わが宿の花しなべての色ならば何かはさらに君を待たまし
右大臣から源氏へ贈った歌である。源氏は御所にいた時で、帝にこのことを申し上げた。 「得意なのだね」 帝はお笑いになって、 「使いまでもよこしたのだから行ってやるがいい。孫の内親王たちのために将来兄として力になってもらいたいと願っている大臣の家だから」 など仰せられた。ことに美しく装って、ずっと日が暮れてから待たれて源氏は行った。桜の色の支那錦の直衣、赤紫の下襲の裾を長く引いて、ほかの人は皆正装の袍を着て出ている席へ、艶な宮様姿をした源氏が、多数の人に敬意を表されながらはいって行った。桜の花の美がこの時にわかに減じてしまったように思われた。音楽の遊びも済んでから、夜が少しふけた時分である。源氏は酒の酔いに悩むふうをしながらそっと席を立った。中央の寝殿に女一の宮、女三の宮が住んでおいでになるのであるが、そこの東の妻戸の口へ源氏はよりかかっていた。藤はこの縁側と東の対の間の庭に咲いているので、格子は皆上げ渡されていた。御簾ぎわには女房が並んでいた。その人たちの外へ出している袖口の重なりようの大ぎょうさは踏歌の夜の見物席が思われた。今日などのことにつりあったことではないと見て、趣味の洗練された藤壺辺のことがなつかしく源氏には思われた。 「苦しいのにしいられた酒で私は困っています。

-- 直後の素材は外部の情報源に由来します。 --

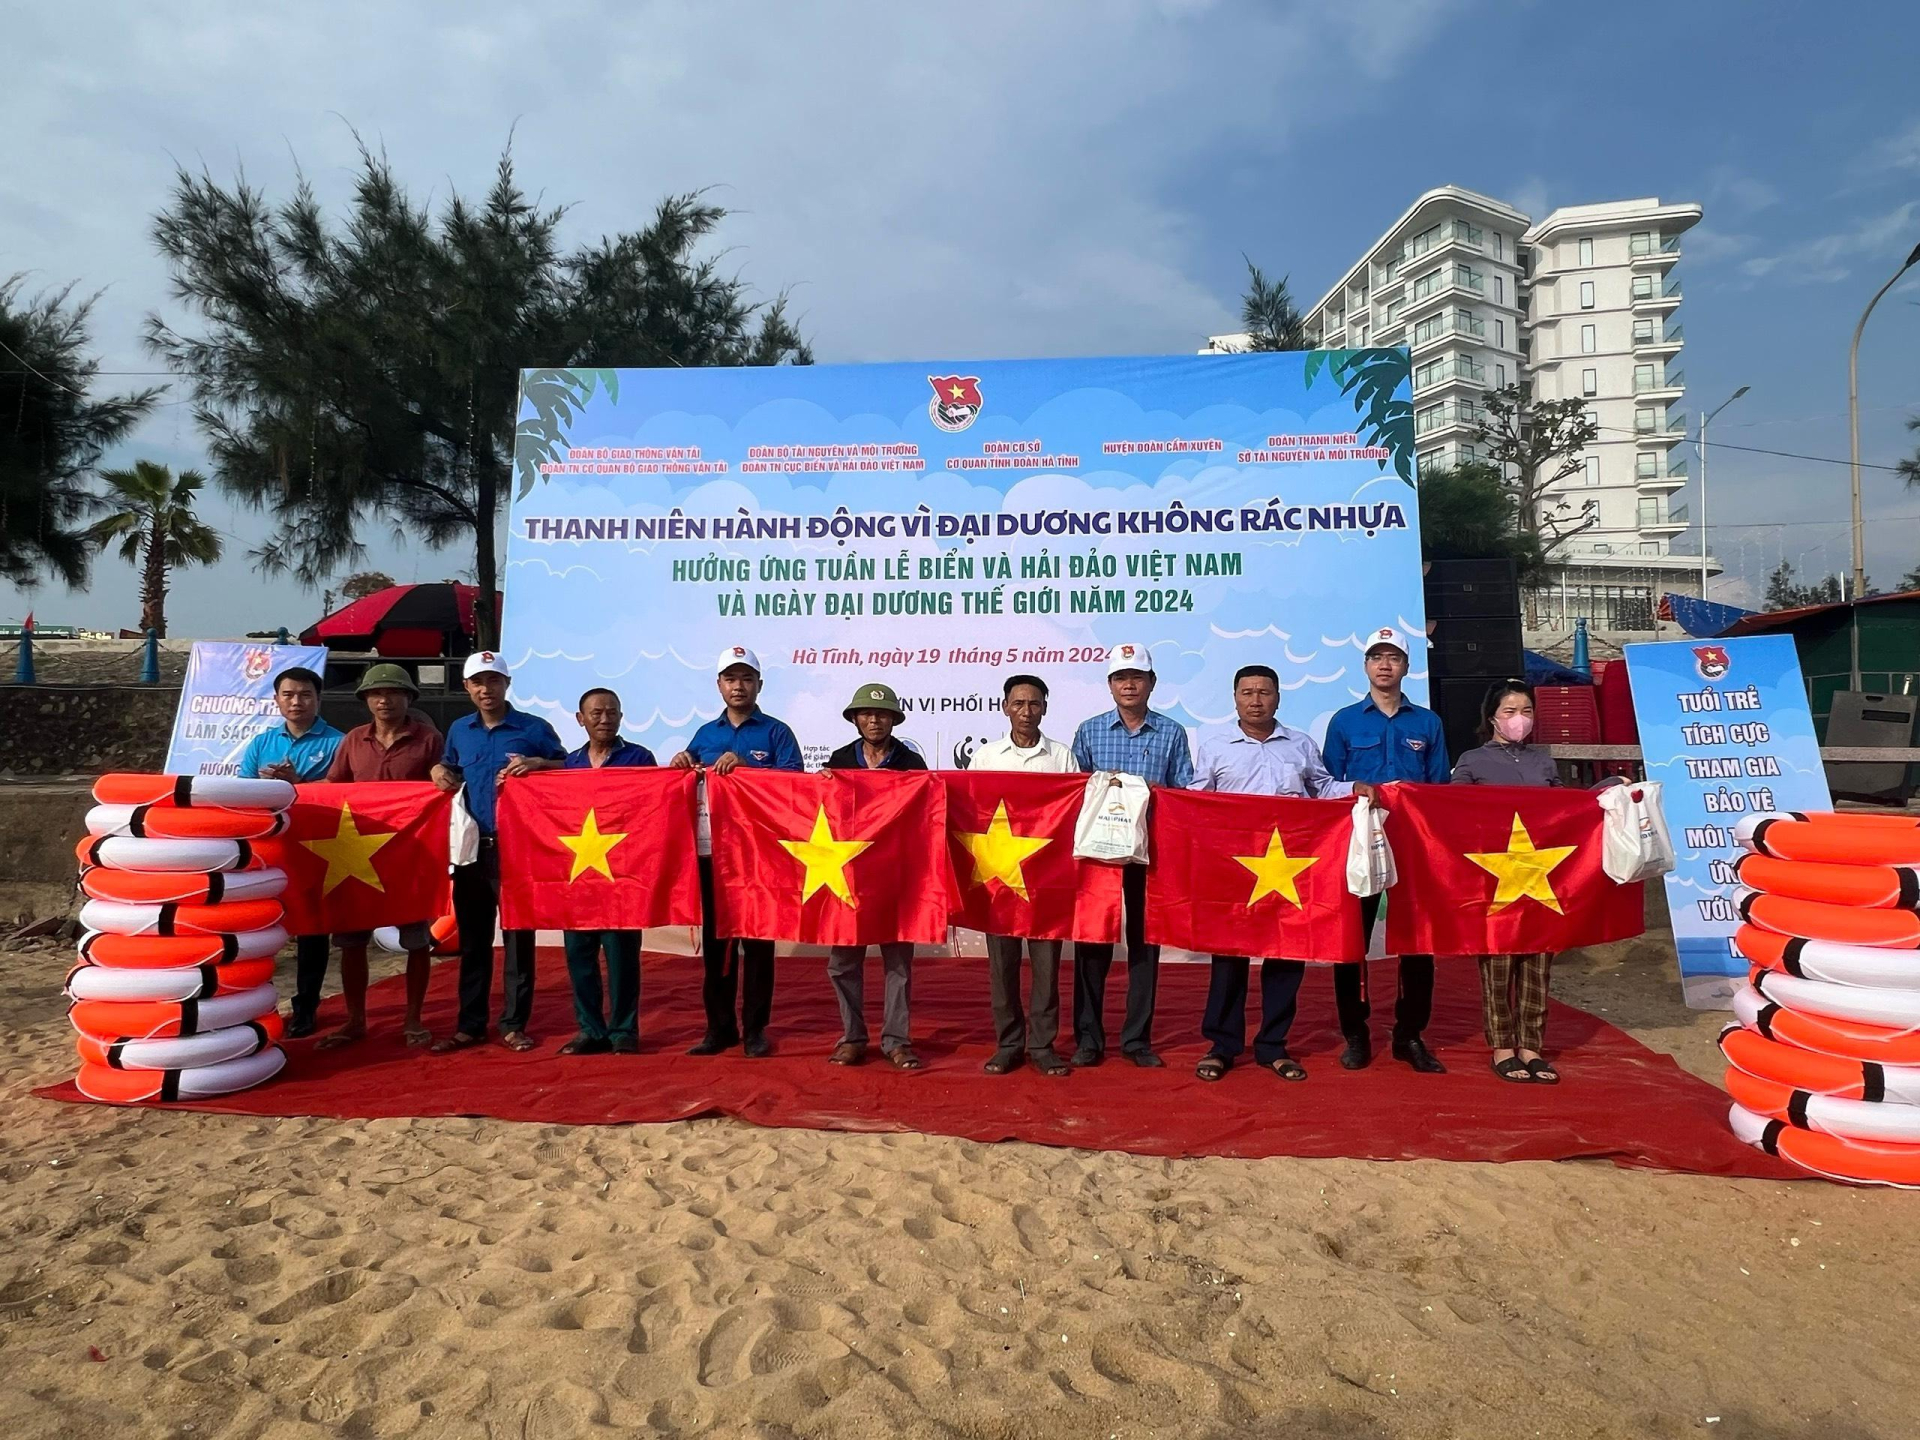 Đoàn thanh niên Cục Biển và Hải đảo Việt Nam: Ra quân làm sạch biển hưởng ứng Tuần lễ biển đảo Việt Nam 2024 - ảnh 3

もったいないことですがこちらの宮様にはかばっていただく縁故があると思いますから」 妻戸に添った御簾の下から上半身を少し源氏は中へ入れた。 「困ります。あなた様のような尊貴な御身分の方は親類の縁故などをおっしゃるものではございませんでしょう」 と言う女の様子には、重々しさはないが、ただの若い女房とは思われぬ品のよさと美しい感じのあるのを源氏は認めた。薫物が煙いほどに焚かれていて、この室内に起ち居する女の衣摺れの音がはなやかなものに思われた。奥ゆかしいところは欠けて、派手な現代型の贅沢さが見えるのである。令嬢たちが見物のためにこの辺へ出ているので、妻戸がしめられてあったものらしい。貴女がこんな所へ出ているというようなことに賛意は表されなかったが、さすがに若い源氏としておもしろいことに思われた。この中のだれを恋人と見分けてよいのかと源氏の胸はとどろいた。「扇を取られてからき目を見る」(高麗人に帯を取られてからき目を見る)戯談らしくこう言って御簾に身を寄せていた。 「変わった高麗人なのね」 と言う一人は無関係な令嬢なのであろう。何も言わずに時々溜息の聞こえる人のいるほうへ源氏は寄って行って、几帳越しに手をとらえて、
「あづさ弓いるさの山にまどふかなほの見し月の影や見ゆると
なぜでしょう」 と当て推量に言うと、その人も感情をおさえかねたか、
心いる方なりませば弓張の月なき空に迷はましやは
と返辞をした。弘徽殿の月夜に聞いたのと同じ声である。源氏はうれしくてならないのであるが。